Krugman likes the estate tax because it helps level the playing field, but it does so in the worst possible way. It hurts those at the upper end of the wealth distribution, but provides no significant benefit to those at the lower end. It follows the easy route in leveling the playing field because it is always easier to hurt the rich than it is to help the poor.
Despite the basic statistics Krugman presents, a broader analysis of the proposed repeal shows that it is a very desirable move. It helps some, hurts nobody, and it would enhance the efficiency of the economy. If people really understand the issues, and if they consider only their own narrow self-interest, repeal of the tax should be widely supported. The only people who could reasonably mount an opposition to the tax are people who do not really understand the policy’s effects, or those who are so envious of rich people that they are willing to hurt everyone a little in order to hurt America’s wealthiest citizens a lot.
I believe that Krugman has painted an overly simplistic picture of the facts, but for sake of argument let’s say that Krugman is right: repealing the estate tax would benefit a small fraction of the population, and the wealthiest fraction at that. Analyzing the estate tax the way Krugman does implies that people favor public-policy changes only when those changes bring them direct tangible benefits. Do people really decide whether they favor a specific piece of legislation based simply on whether it provides direct benefits to them?
Americans in general, whether they are auto workers or Silicon Valley entrepreneurs, believe that when people earn their income honestly, that income becomes their property. It does not belong to other people, or to the general public, or to the government. The money people pay in taxes is their money, and if they get a tax cut, it is not a benefit to them, as Krugman suggests; it is just less of a cost. Letting people keep more of the money they earn is a good thing. Of course most tax cuts go to the people with the highest income and the most wealth, because those are the people who pay most of the taxes.
Krugman is right that in most cases paying the estate tax does not cause heirs to have to sell the family farm or business, but so what? Is it any less unfair that the people who invested in stocks and bonds, financing the growth of the American economy, rather than buying boats, expensive cars, and lavish vacations, must turn over so much of their estate to the government when they die?
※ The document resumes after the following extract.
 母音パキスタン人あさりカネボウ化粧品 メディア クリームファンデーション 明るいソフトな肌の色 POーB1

Those people already paid income taxes on the money when they originally earned it, and it shouldn’t be taxed again when the people who paid taxes on it the first time die. The family farm or small business cases simply help illustrate the point.
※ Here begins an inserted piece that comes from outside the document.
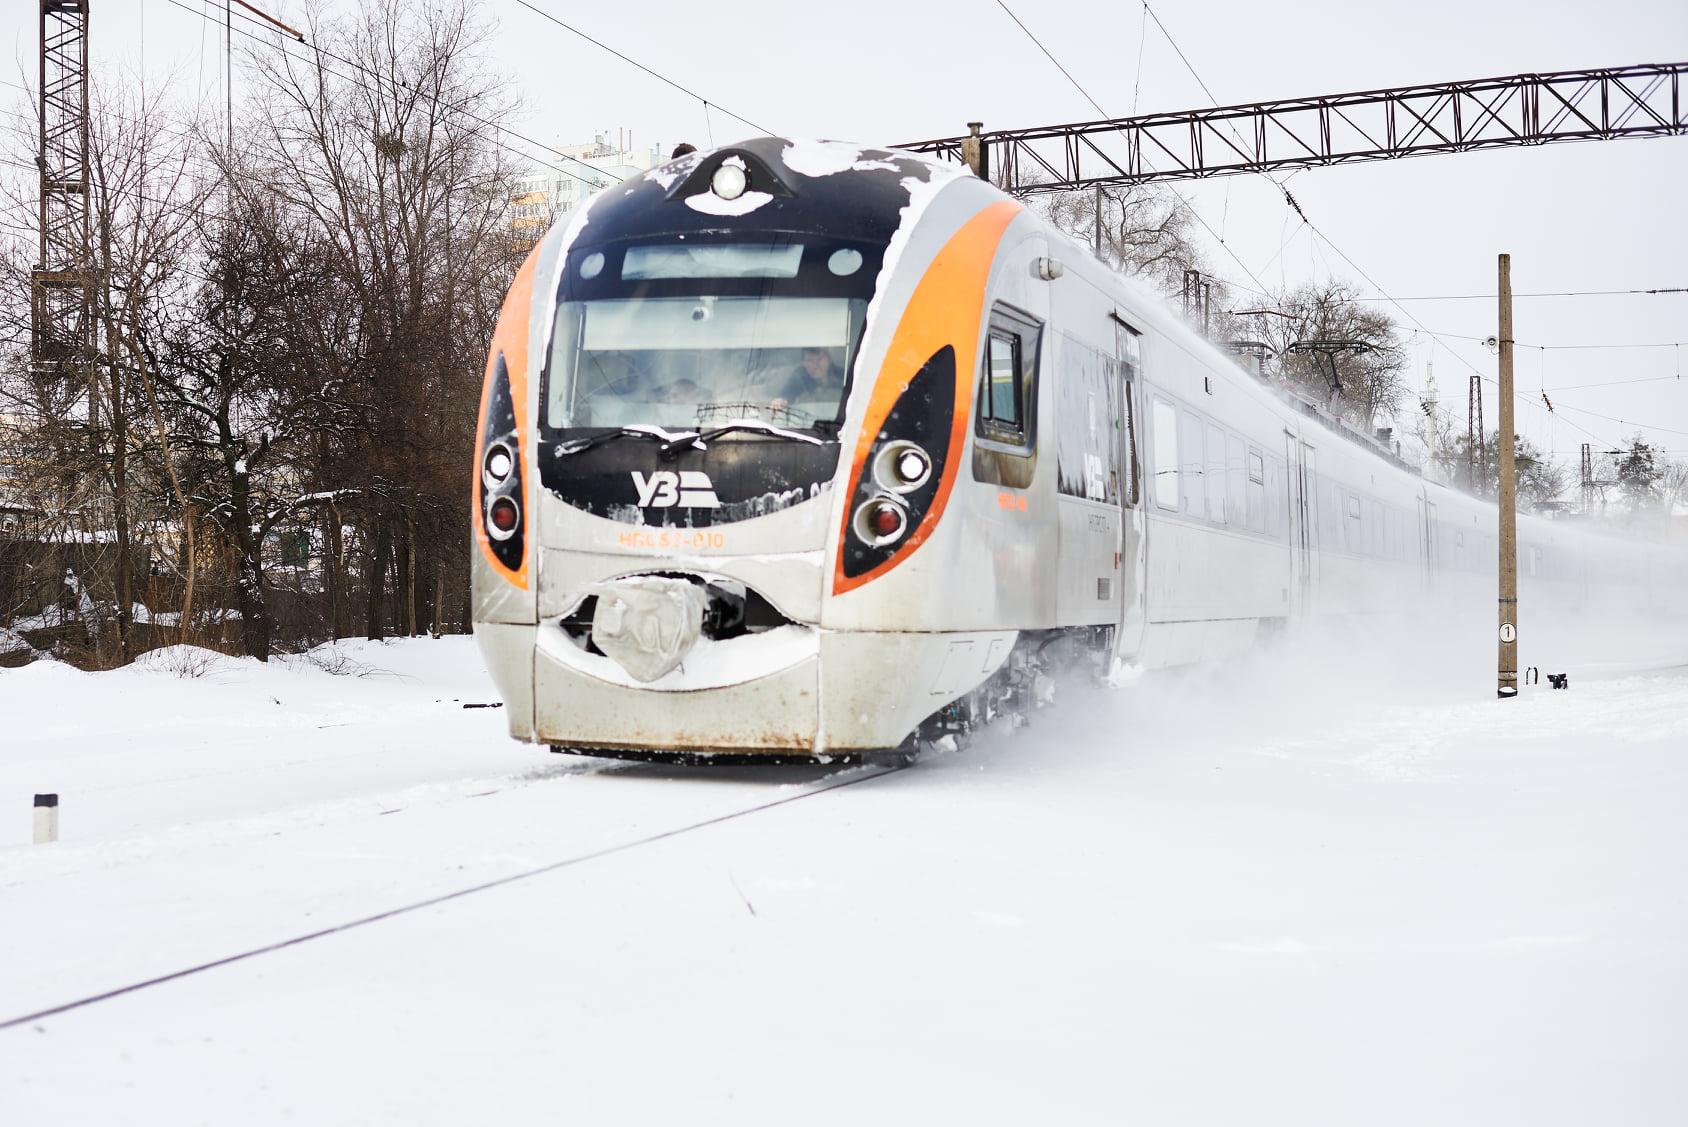 Укрзалізниця впроваджує Wi-Fi у поїздах - Укрзалізниця, інтернет, Wi-Fi - 150698636 4032083236825434 7689392197066671116 o

I have argued that once the facts are understood, repealing the estate tax will be seen to benefit everyone, not just the rich. But even if Krugman is right and the benefit will only go to a small fraction of America’s richest citizens, the tax is still unfair. People sense that unfairness, and that is the real reason there is not more opposition to its repeal. Opposition is weak not because people hope to benefit directly from the tax, but because people believe that once wealth is fairly earned, it is the property of the owner, and they oppose government confiscation.